Fitting 2 folds for each of 12 candidates, totalling 24 fits


[CV] END ...................................n_estimators=397; total time=  13.7s
[CV] END ...................................n_estimators=397; total time=  13.7s
[CV] END ...................................n_estimators=779; total time=  26.8s
[CV] END ...................................n_estimators=779; total time=  26.9s
[CV] END ..................................n_estimators=1664; total time=  57.4s
[CV] END ..................................n_estimators=1664; total time=  57.5s
[CV] END ..................................n_estimators=1419; total time=  49.1s
[CV] END ...................................n_estimators=770; total time=  26.9s
[CV] END ..................................n_estimators=1419; total time=  49.0s
[CV] END ...................................n_estimators=767; total time=  26.9s
[CV] END ...................................n_estimators=770; total time=  27.3s
[CV] END ...................................n_estimators=767; total time=  27.4s
[CV] END ...................

In [24]:
print("Best Parameters:", pipeline.named_steps['random_search'].best_params_)


Best Parameters: {'n_estimators': 770}


In [25]:
rf_reg_random_search = pipeline
joblib.dump(rf_reg_random_search, r'../Models/Amazon/Driving/Upload/random_forest_resgressor_random_search.pkl')

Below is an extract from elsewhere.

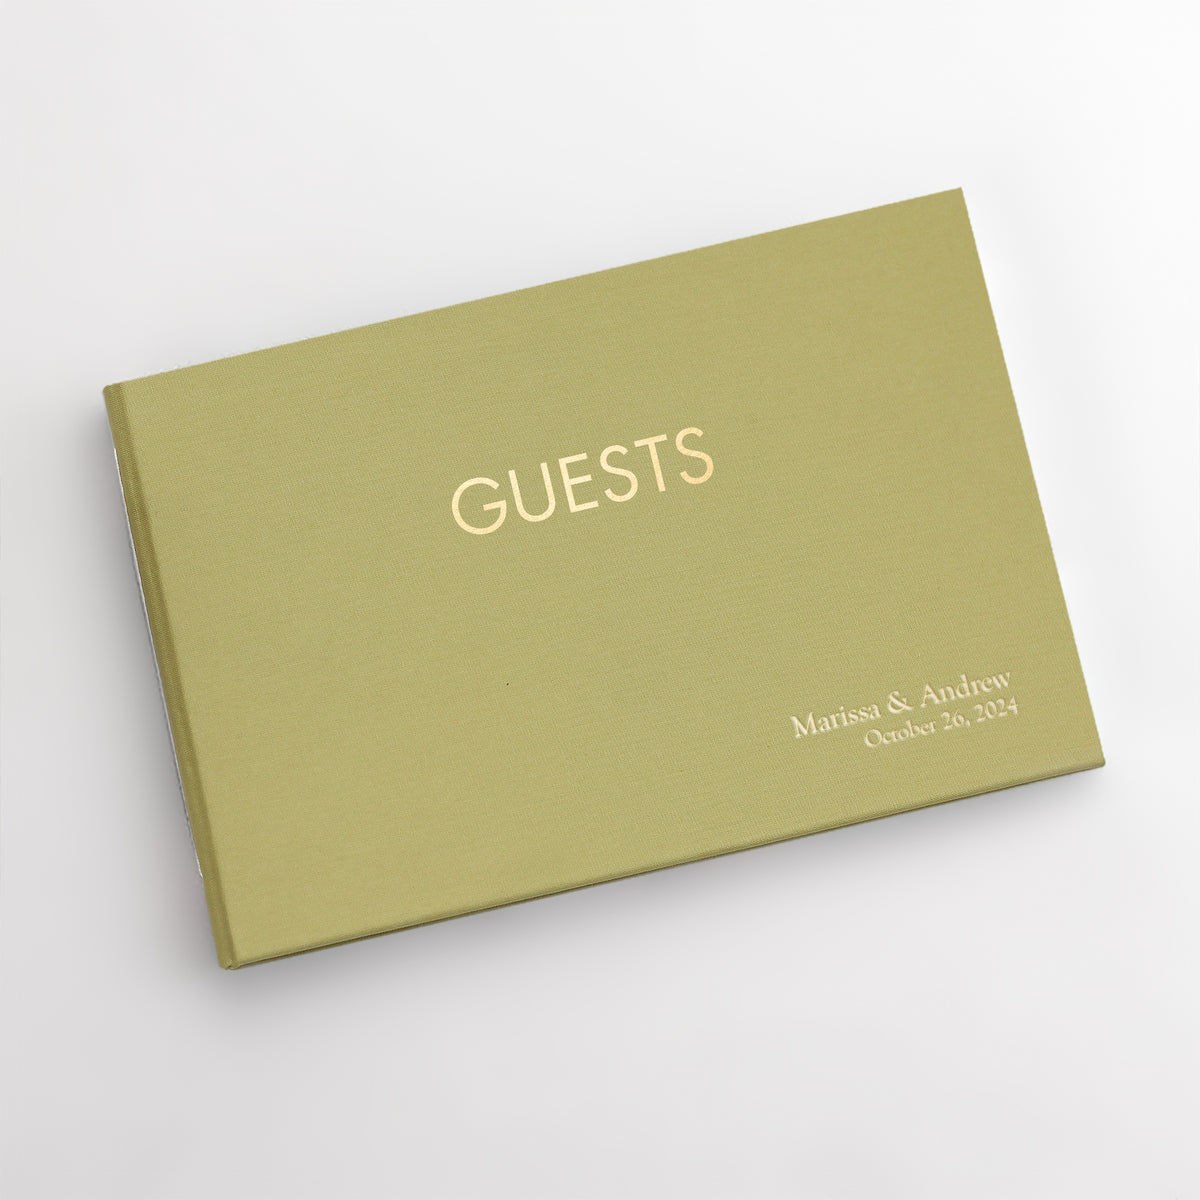 Guestbook Embossed with “Guests” | Cover: Celery Cotton | Available Personalized

['../Models/Amazon/Driving/Upload/random_forest_resgressor_random_search.pkl']

#### Grid Search ####

In [26]:
from sklearn.model_selection import GridSearchCV
from sklearn.ensemble import RandomForestRegressor


rf_reg = RandomForestRegressor()

param_grid = {
    'n_estimators': [100, 150, 200, 300, 400 ,500, 700, 1000,1200, 1500, 1800, 2000]
}

grid_search = GridSearchCV(
    estimator=rf_reg, 
    param_grid=param_grid, 
    cv=2, 
    scoring='neg_mean_squared_error',
    n_jobs= 5,
    verbose=2,
)


pipeline = Pipeline([
    ('scaler', StandardScaler()),  
    ('grid_search', grid_search),
])


pipeline.fit(X_train, y_train)

Fitting 2 folds for each of 12 candidates, totalling 24 fits
[CV] END ...................................n_estimators=100; total time=   3.5s
[CV] END ...................................n_estimators=100; total time=   3.5s
[CV] END ...................................n_estimators=150; total time=   5.2s
[CV] END ...................................n_estimators=150; total time=   5.3s
[CV] END ...................................n_estimators=200; total time=   6.9s
[CV] END ...................................n_estimators=200; total time=   6.9s
[CV] END ...................................n_estimators=300; total time=  10.3s
[CV] END ...................................n_estimators=300; total time=  10.3s
[CV] END ...................................n_estimators=400; total time=  13.7s
[CV] END ...................................n_estimators=400; total time=  13.8s
[CV] END ...................................n_estimators=500; total time=  17.1s
[CV] END ...................................n_es

In [27]:
print("Best Parameters:", pipeline.named_steps['grid_search'].best_params_)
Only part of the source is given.